Configure Google Cloud Storage
callahantiff opened this issue · 3 comments
TASK
Task Type: PKT DATA DELIVERY
Use Google Cloud Storage in build to store each build's downloaded data and output knowledge graphs
- Data used for each build
- Built KGs
- Built Embeddings
TODO
- Create GCS Bucket for builds in GCP PheKnowLator bucket (details here)
- Apply Object Lifecycle Management to GCS bucket
-
Create script similar togoogle_cloud_storage_downloader.py
that can provides API access to Google Cloud Storage
Resources:
This is what I am proposing for organizing the GCS bucket:
GCS bucket root/
|---- pheknowlator/
| |---- release_v.1.0/ ...
| |---- release_v.2.0/
| | |---- *build_<<date>>/
| | | |---- data/
| | | | |---- original_data/
| | | | |---- processed_data/
| | | |---- knowledge_graphs/
| | | | |---- subclass_builds/
| | | | | |---- relations_only/
| | | | | | |---- owl/
| | | | | | |---- owlnets/
| | | | | |---- inverse_relations/
| | | | | | |---- owl/
| | | | | | |---- owlnets/
| | | | |---- instance_builds/
| | | | | |---- relations_only/
| | | | | | |---- owl/
| | | | | | |---- owlnets/
| | | | | |---- inverse_relations/
| | | | | | |---- owl/
| | | | | | |---- owlnets/
| | |---- *build_<<date>>/ ...
For release_v.1.0
data, I will update it once this work is complete and add files from past builds so that I am no longer responsible for maintaining them via my DropBox.

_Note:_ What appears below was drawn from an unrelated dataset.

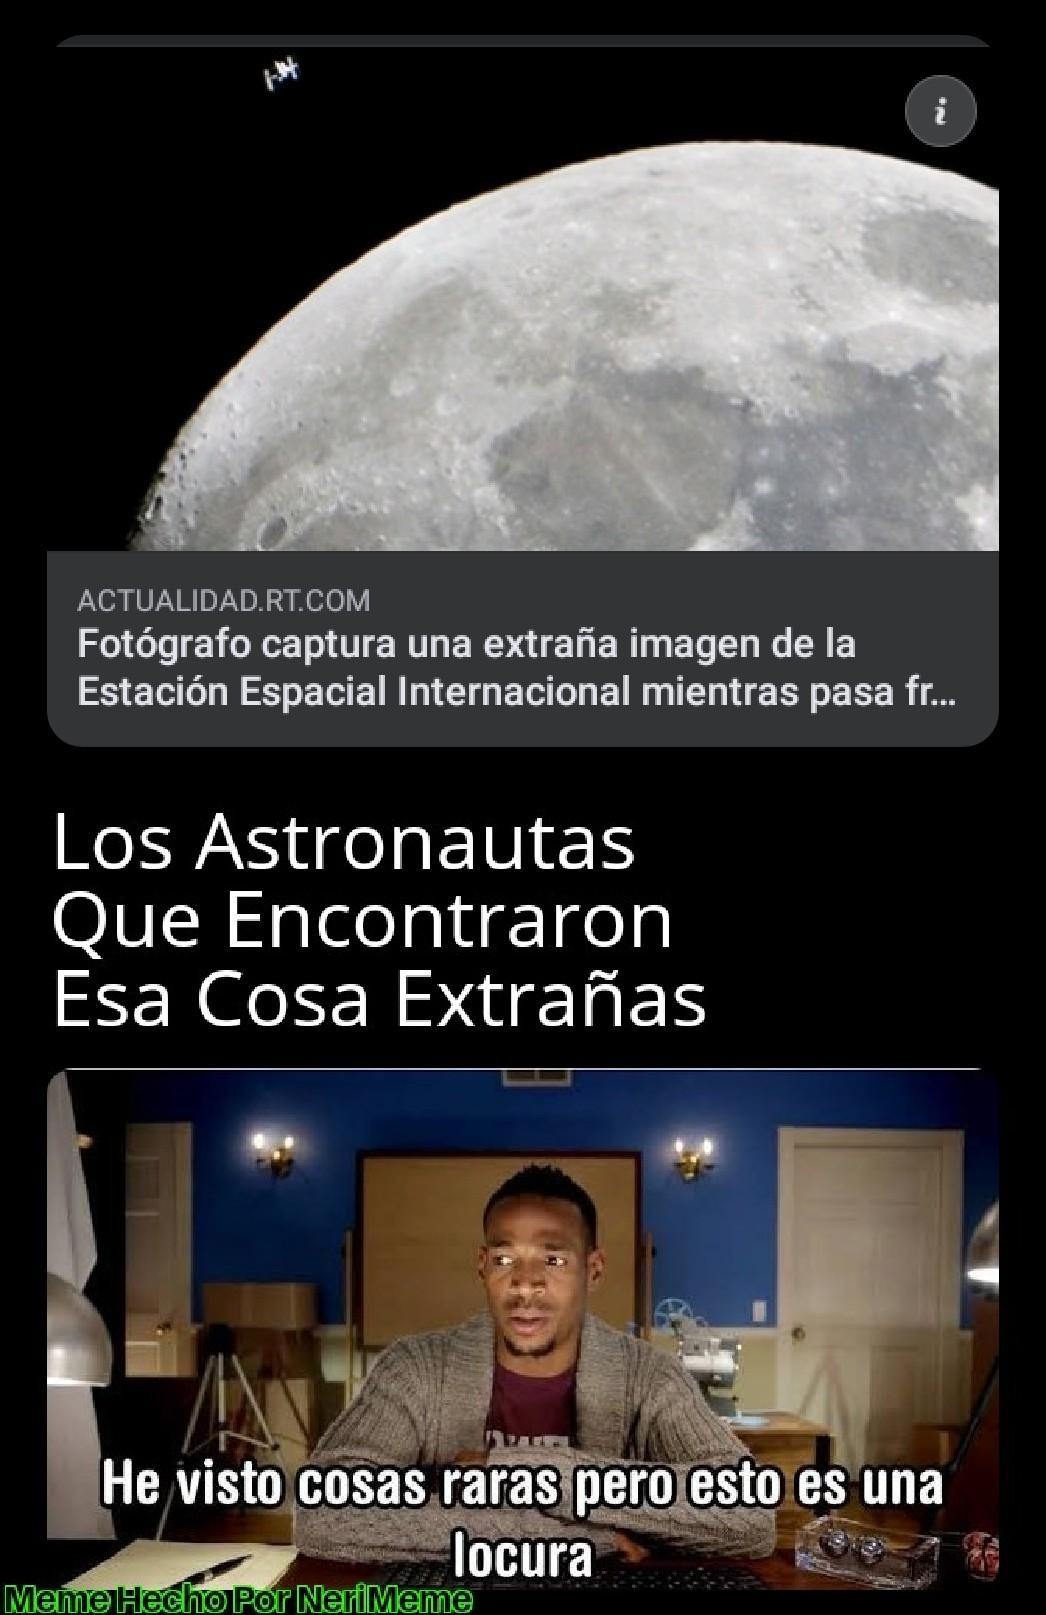 Meme: cosas extrañas que pasan en el exterior del planeta

*meant to symbolize each monthly build
GCS Permissions Setting: I was thinking of setting the bucket pheknowlator
directory and all subsequent directories as nearline to start and once we know what the usage pattern is we can adjust it.
@bill-baumgartner - What do you think about this plan?

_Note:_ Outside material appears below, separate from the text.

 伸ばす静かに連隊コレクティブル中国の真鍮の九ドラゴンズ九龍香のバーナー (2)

I like the directory structure. Do you expect to host other data aside from KG builds here? If not, then the knowledge_graph_builds/
directory is probably not required.
It looks as though we can specify the storage class on a per-object level, and we can use Object Lifecycle Management rules to change the storage class over time. So, a newly built KG could use the Standard Storage
class initially, and then be downgraded to Nearline Storage
after a period of time, e.g. 30 or 60 days.

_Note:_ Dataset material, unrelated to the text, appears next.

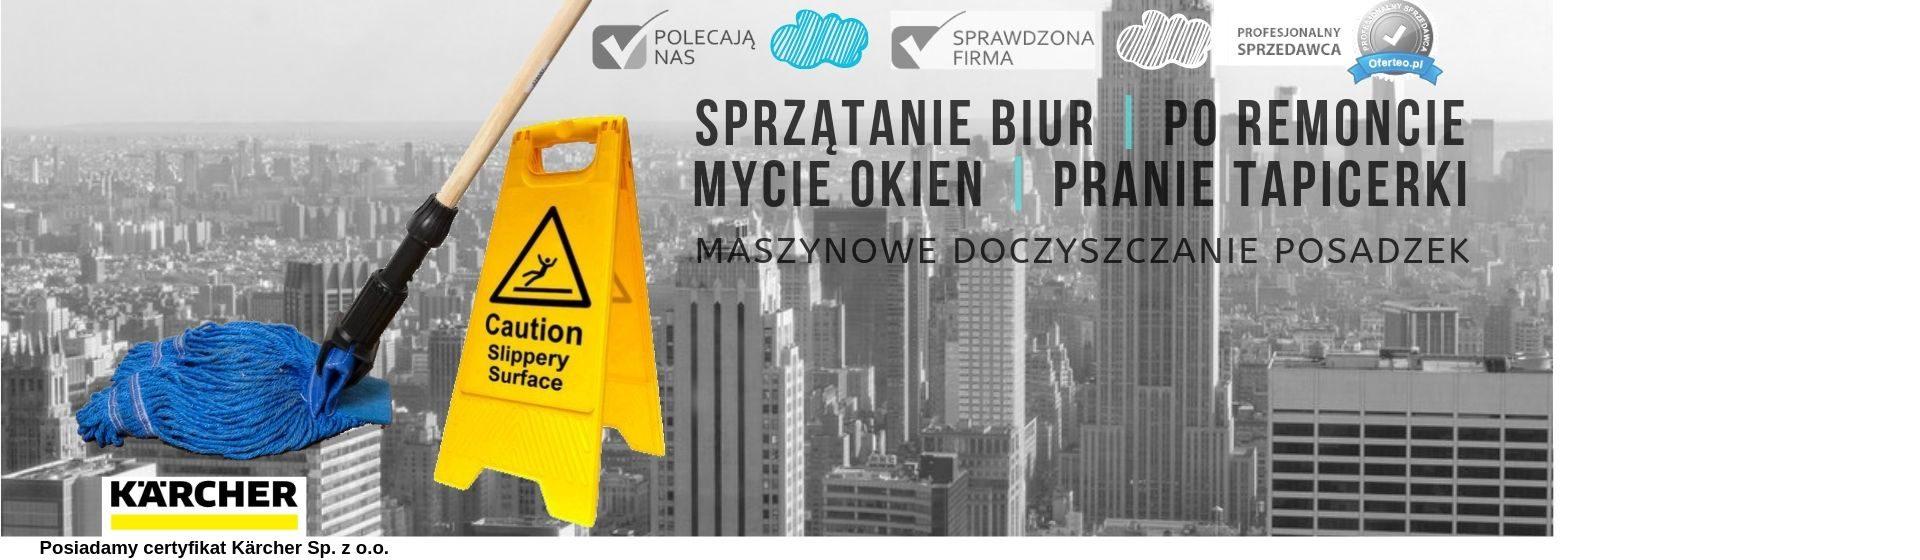 Efekt Center - Firma sprzątająca Lublin | Sprzątanie biur Lublin

I like the directory structure. Do you expect to host other data aside from KG builds here? If not, then the
knowledge_graph_builds/
directory is probably not required.
I was thinking about that too. I'm guessing not, if we wanted to store a primary docker container or something like that, it wold likely be at the release-level. I will modify the figure to remove the knowledge_graph_builds/
directory.
It looks as though we can specify the storage class on a per-object level, and we can use Object Lifecycle Management rules to change the storage class over time. So, a newly built KG could use the
Standard Storage
class initially, and then be downgraded toNearline Storage
after a period of time, e.g. 30 or 60 days.
Awesome, this is perfect.
✔️ I will go ahead and get this set-up now. It will allow me to start modifying/creating code we will need to support the three-task build plan we discussed yesterday.